Total: 66 features from 4 tables (customers, loan_applications, credit_history, repayment_history).


2. MNAR-Aware Preprocessing Pipeline (src/preprocessing.py)

Three composable classes, each with fit() / transform() / fit_transform():

MissingValueHandler — Handles Missing Not At Random (MNAR) patterns:

  • A missing credit_score means the customer is new-to-credit — a risk signal in itself
  • Creates binary {col}_is_missing indicator columns before imputation to preserve the missingness signal
  • Numeric: imputed with median from training data only
  • Categorical: imputed with mode from training data only

FeatureEncoder — Encoding strategy by feature type:

  • Ordinal: education, credit_score_tier, age_group, utilization_bucket, term_bucket, rate_tier — preserves monotonic ordering that OHE would destroy
  • One-Hot: gender, marital_status, employment_type, loan_type — nominal categories with no meaningful order
  • Handles unseen categories at inference gracefully (fills 0, maps to −1)

FeatureScaler — Three scaling strategies:

  • StandardScaler (z-score): normally-distributed features like age, credit_score, loan_term_months
  • RobustScaler (median/IQR): outlier-prone features like annual_income, loan_amount, emi_amount
  • No scaling: binary flags, bounded ratios (0–1), ordinal-encoded integers, OHE columns

PreprocessingPipeline orchestrates all steps in the correct order:

  1. Separate target (is_default) and drop ID columns
  2. Stratified train/test split (80/20, random_state=42) — split happens before any fitting
  3. fit_transform(X_train)transform(X_test) for each handler
  4. Produces two output versions: scaled (for Logistic Regression) and unscaled (for tree models)

3. Model Training & Tuning (src/train_models.py)

Why RandomizedSearchCV over GridSearchCV?
XGBoost's parameter space alone has ~92,000 combinations × 5 folds = 460,800 model fits. RandomizedSearchCV samples 50 random combinations (≈0.05% of the grid) and achieves near-optimal results per Bergstra & Bengio (2012). Production systems use Bayesian optimization (Optuna/Hyperopt) — 3–5× more efficient still.

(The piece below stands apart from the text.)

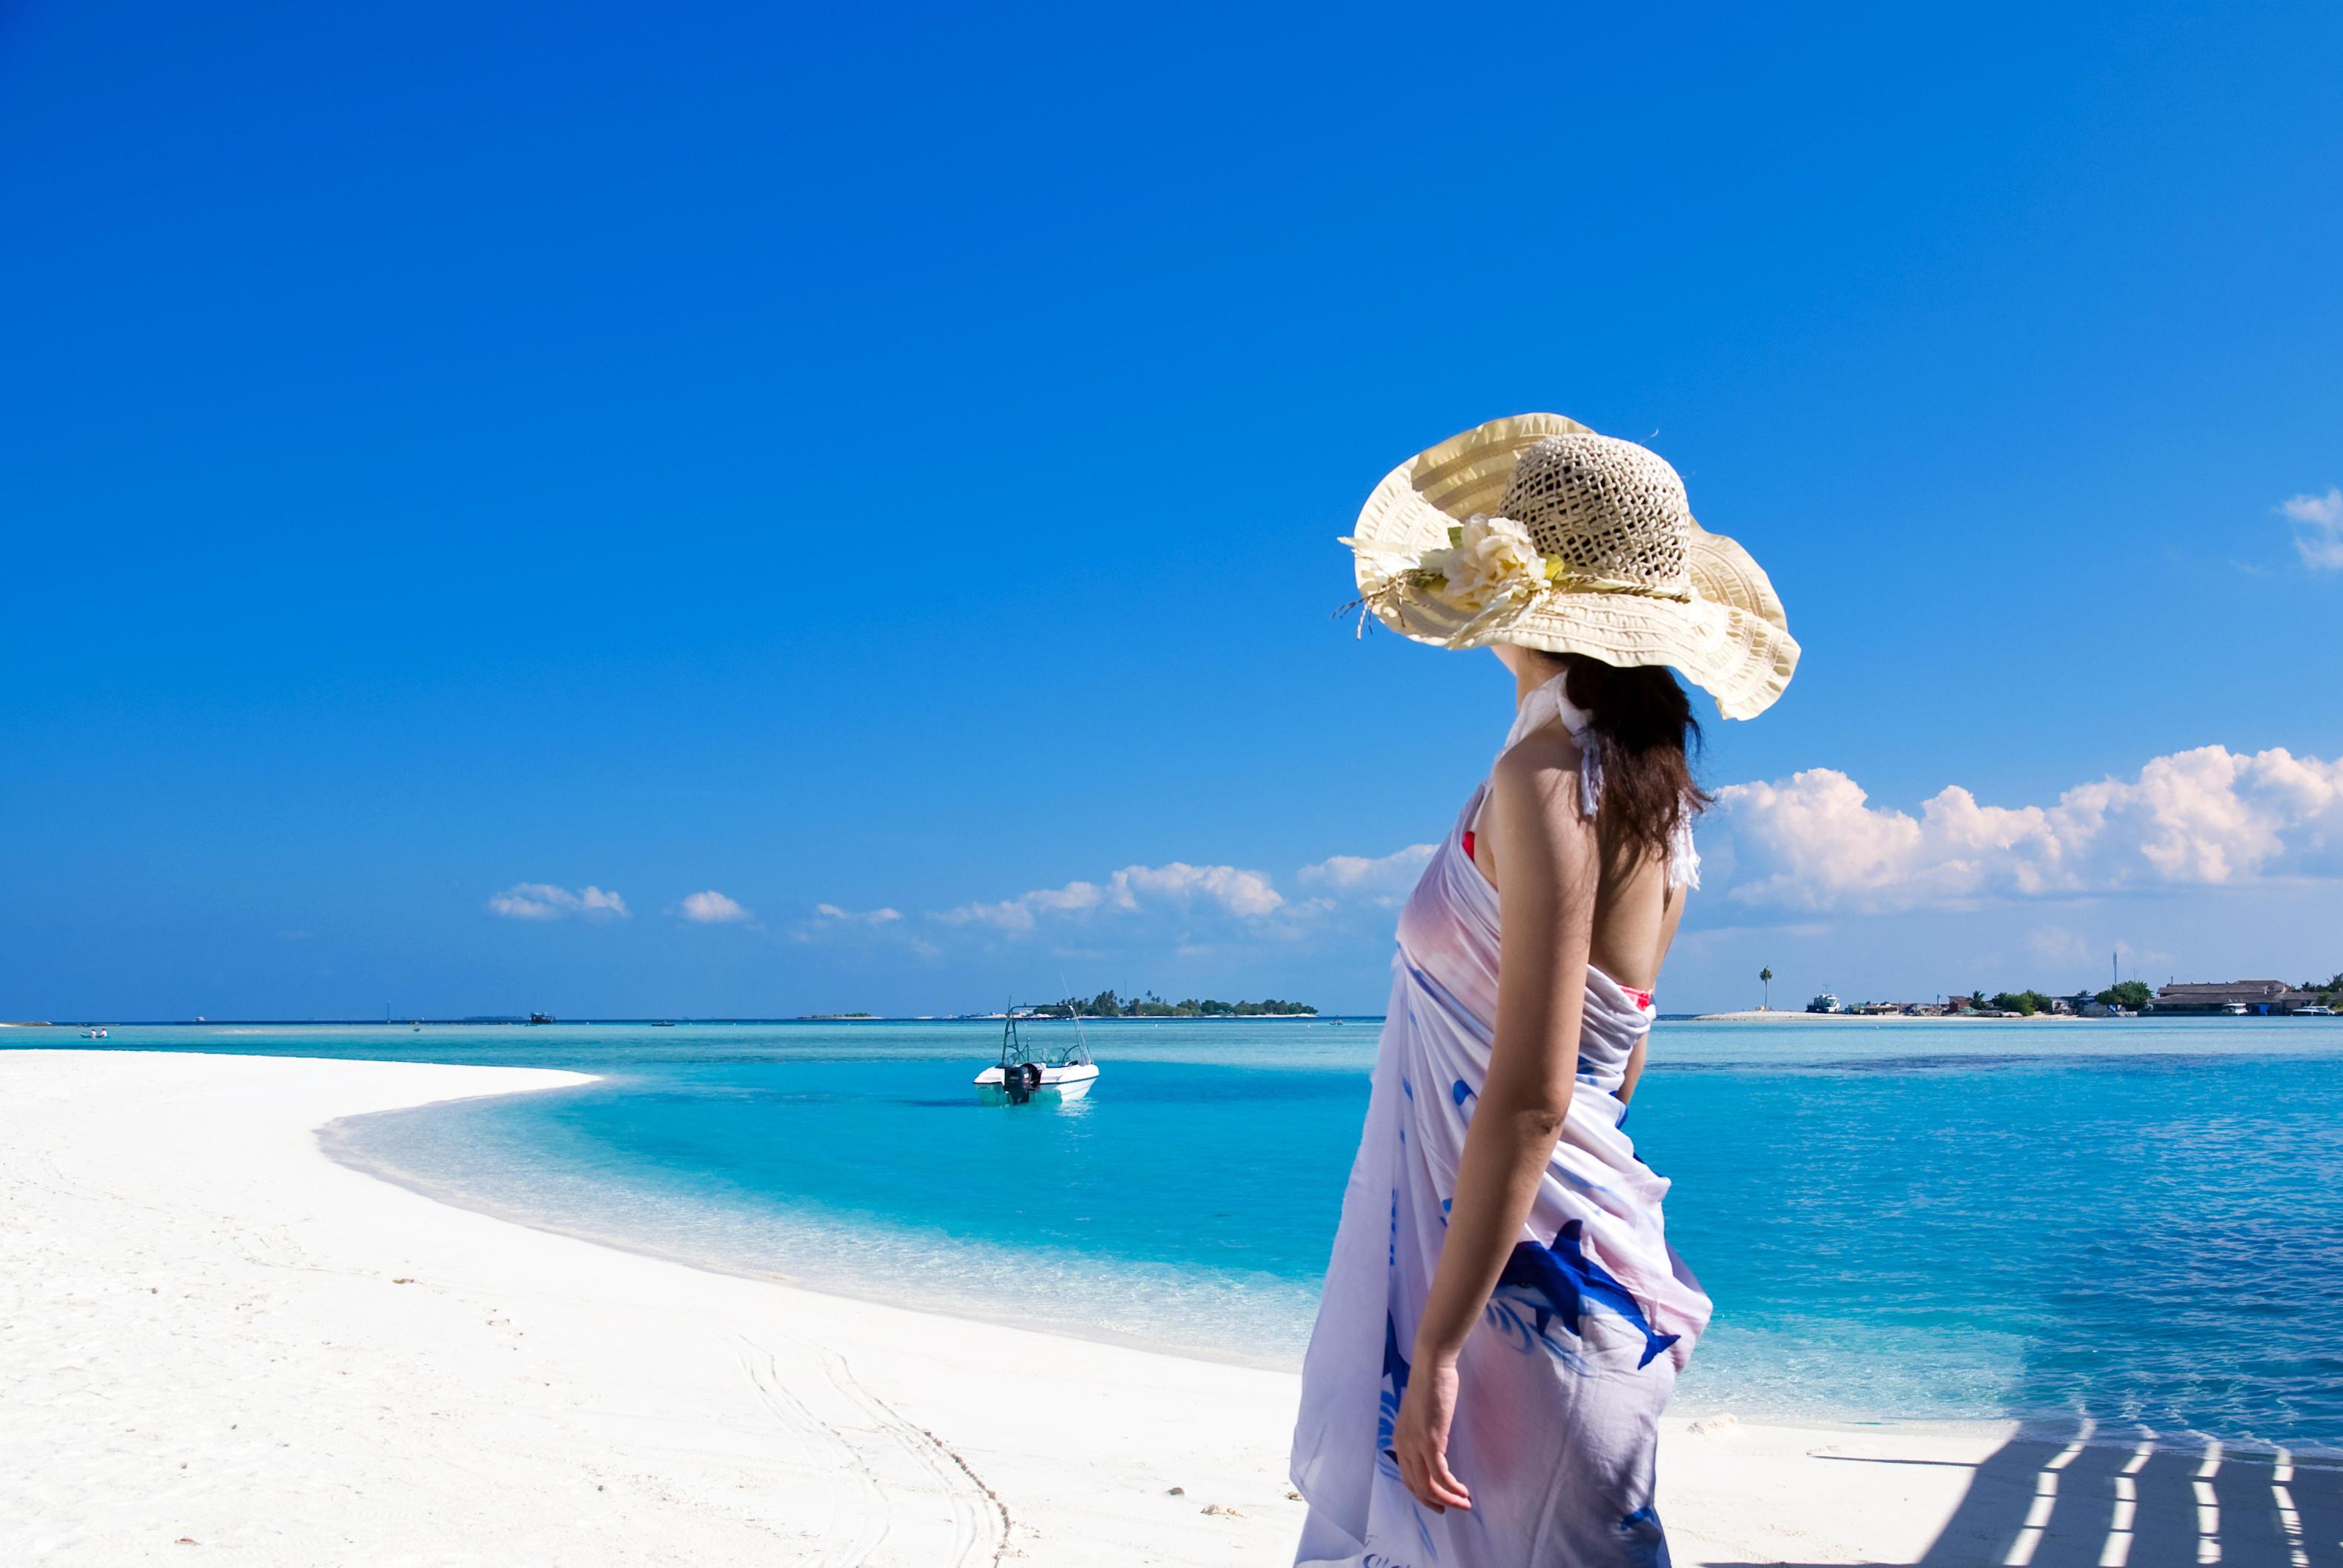 Эротические девушки обои по теме девушки на пляже дружно

Model-specific tuning rationale:

Model Key Parameters Why
Logistic Regression C, penalty (L1/L2) L1 drives correlated features to zero (feature selection); L2 shrinks all coefficients
XGBoost max_depth, gamma, min_child_weight, scale_pos_weight gamma prunes splits; scale_pos_weight handles class imbalance
LightGBM num_leaves, min_child_samples, histogram binning num_leaves is the primary complexity control for leaf-wise growth
Sklearn GBM min_samples_leaf, min_samples_split, max_features Conservative depth-wise growth; good baseline for reproducibility

Metrics computed per model:
AUC-ROC, AUC-PR, F1, Precision, Recall, Accuracy, KS Statistic, Gini Coefficient — the last two are industry-standard credit scorecard metrics rarely seen in Kaggle notebooks.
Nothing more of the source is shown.